Alert if row counts differ by more than 5%.

{
  "name": "orders_replication_check",
  "description": "Verify replicated orders table is within 5% of source row count",
  "source_table": "MCON++a1b2c3d4-e5f6-7890-abcd-ef1234567890++1++1++primary:sales.orders",
  "target_table": "MCON++b2c3d4e5-f6a7-8901-bcde-f12345678901++1++1++replica:sales.orders",
  "alert_conditions": [
    {
      "metric": "ROW_COUNT",
      "thresholdValue": 5,
      "isThresholdRelative": true
    }
  ]
}

Field-level comparison (different column names)

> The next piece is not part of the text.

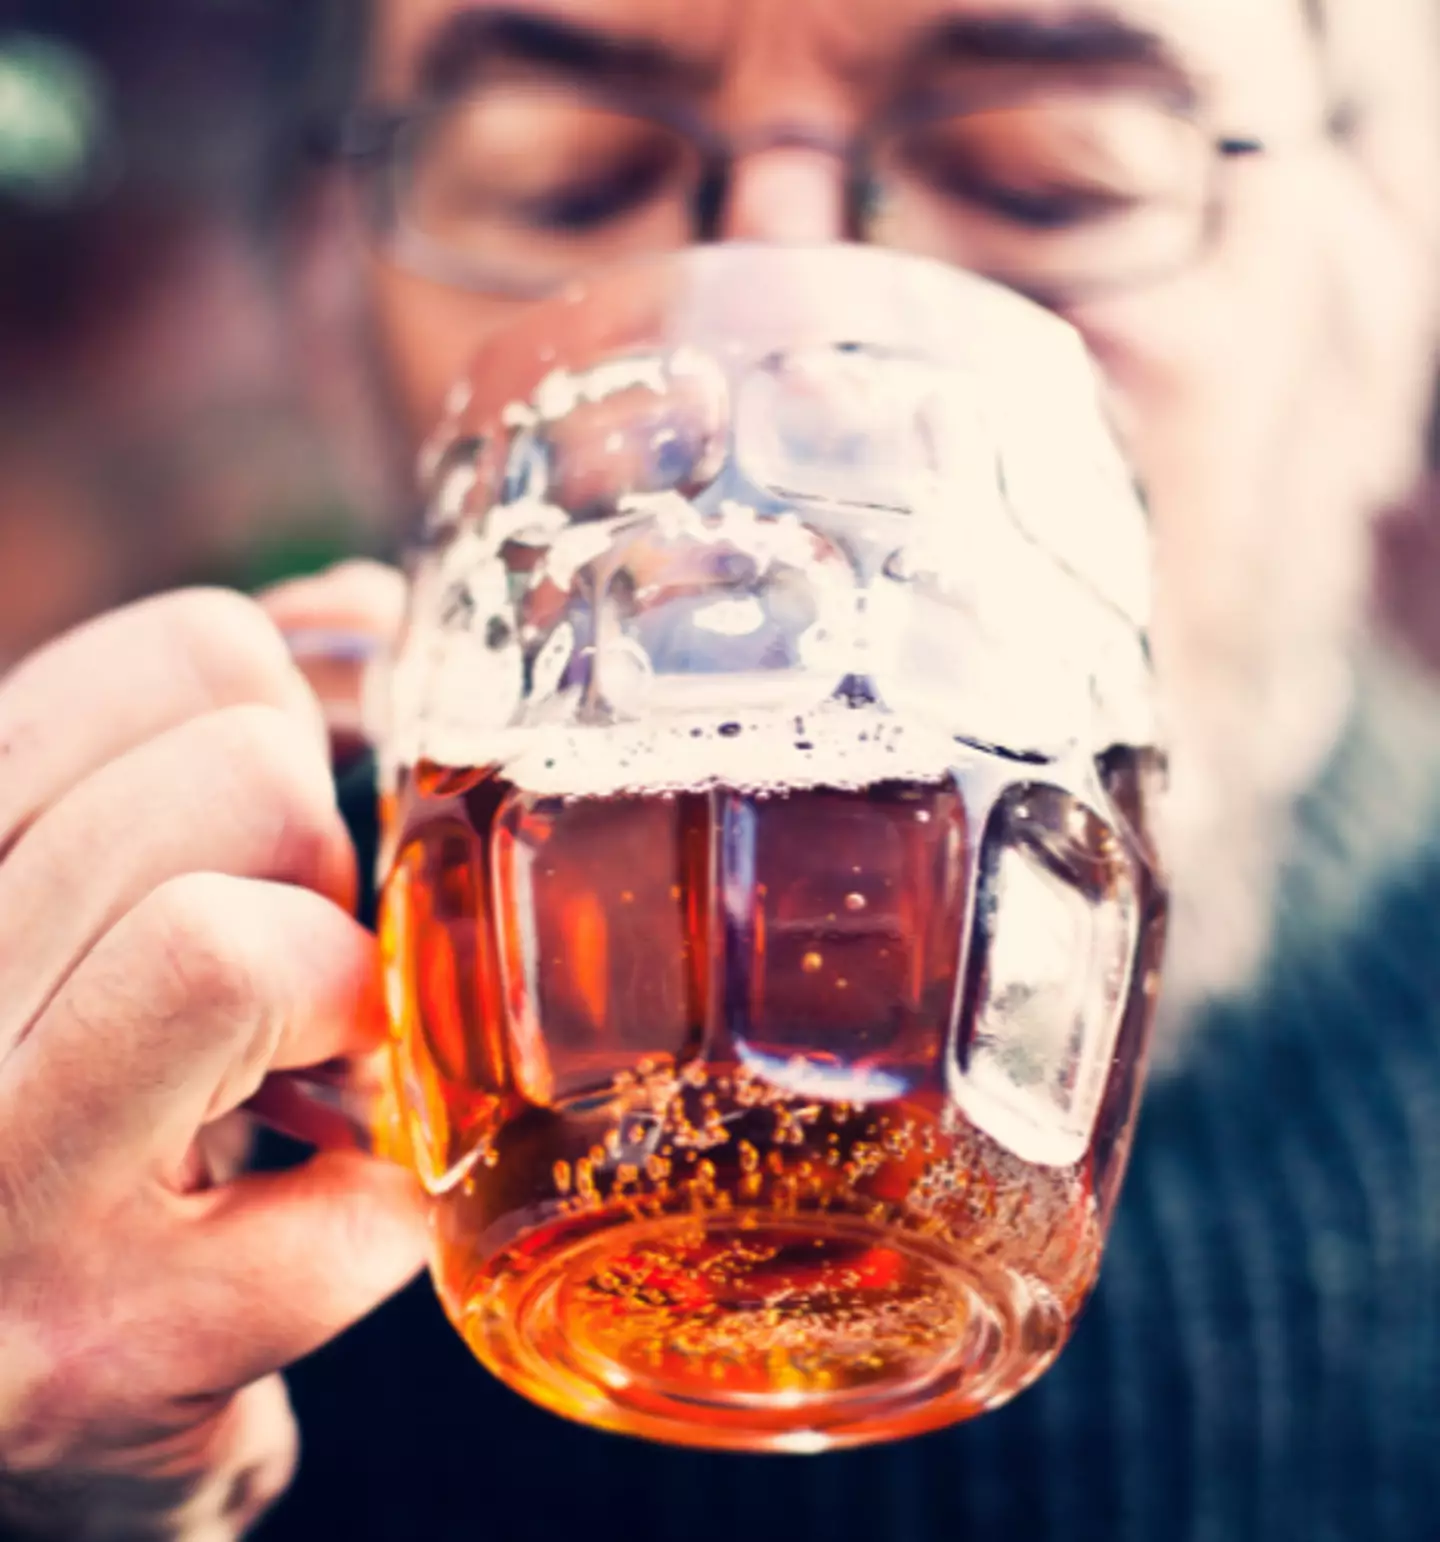 The NHS says that alcohol misuse is when you drink in a way that's harmful, or when you're dependent on alcohol. (Getty Stock Images)

Compare the sum of revenue in the source table against total_revenue in the target table.

{
  "name": "revenue_source_target_sum",
  "description": "Verify revenue sums match between staging and production",
  "source_table": "MCON++a1b2c3d4-e5f6-7890-abcd-ef1234567890++1++1++staging:finance.transactions",
  "target_table": "MCON++b2c3d4e5-f6a7-8901-bcde-f12345678901++1++1++production:finance.transactions",
  "alert_conditions": [
    {
      "metric": "SUM",
      "sourceField": "revenue",
      "targetField": "total_revenue",
      "thresholdValue": 1,
      "isThresholdRelative": true
    }
  ]
}

Segmented comparison

Compare null counts on email between source and target, segmented by country. The country field must exist in both tables.

{
  "name": "email_nulls_by_country",
  "description": "Compare email null counts by country between ETL source and target",
  "source_table": "MCON++a1b2c3d4-e5f6-7890-abcd-ef1234567890++1++1++raw:crm.contacts",
  "target_table": "MCON++b2c3d4e5-f6a7-8901-bcde-f12345678901++1++1++analytics:crm.contacts",
  "segment_fields": ["country"],
  "alert_conditions": [
    {
      "metric": "NULL_COUNT",
      "sourceField": "email",
      "targetField": "email",
      "thresholdValue": 0,
      "isThresholdRelative": false
    }
  ]
}

Cross-warehouse comparison with explicit warehouses

When source and target are in different warehouses, both warehouse parameters must be provided.

{
  "name": "migration_users_row_count",
  "description": "Validate user row counts match after Snowflake to BigQuery migration",
  "source_table": "snowflake_db:public.users",
  "source_warehouse": "snowflake-prod",
  "target_table": "bigquery_project:public.users",
  "target_warehouse": "bigquery-prod",
  "alert_conditions": [
    {
      "metric": "ROW_COUNT",
      "thresholdValue": 0,
      "isThresholdRelative": false
    }
  ]
}

Custom metric comparison

Compare a computed revenue expression when the SQL differs between source and target.

{
  "name": "computed_revenue_compare",
  "description": "Compare total revenue computation between legacy and new schema",
  "source_table": "MCON++a1b2c3d4-e5f6-7890-abcd-ef1234567890++1++1++warehouse:legacy.orders",
  "target_table": "MCON++b2c3d4e5-f6a7-8901-bcde-f12345678901++1++1++warehouse:v2.orders",
  "alert_conditions": [
    {
      "customMetric": {
        "displayName": "Total Revenue",
        "sourceSqlExpression": "SUM(quantity * unit_price)",
        "targetSqlExpression": "SUM(total_amount)"
      },
      "thresholdValue": 0.01,
      "isThresholdRelative": true
    }
  ]
}

Multiple alert conditions

Compare both row counts and field-level metrics in a single monitor.

{
  "name": "orders_full_comparison",
  "description": "Full comparison of orders between staging and production",
  "source_table": "MCON++a1b2c3d4-e5f6-7890-abcd-ef1234567890++1++1++staging:core.orders",
  "target_table": "MCON++b2c3d4e5-f6a7-8901-bcde-f12345678901++1++1++production:core.orders",
  "domain_id": "f47ac10b-58cc-4372-a567-0e02b2c3d479",
  "alert_conditions": [
    {
      "metric": "ROW_COUNT",
      "thresholdValue": 0,
      "isThresholdRelative": false
    },
    {
      "metric": "NULL_COUNT",
      "sourceField": "customer_id",
      "targetField": "customer_id",
      "thresholdValue": 0,
      "isThresholdRelative": false
    },
    {
      "metric": "SUM",
      "sourceField": "amount",
      "targetField": "amount",
      "thresholdValue": 0.1,
      "isThresholdRelative": true
    }
  ]
}

Note: the ROW_COUNT condition has no fields, while the field-level conditions each specify both sourceField and targetField.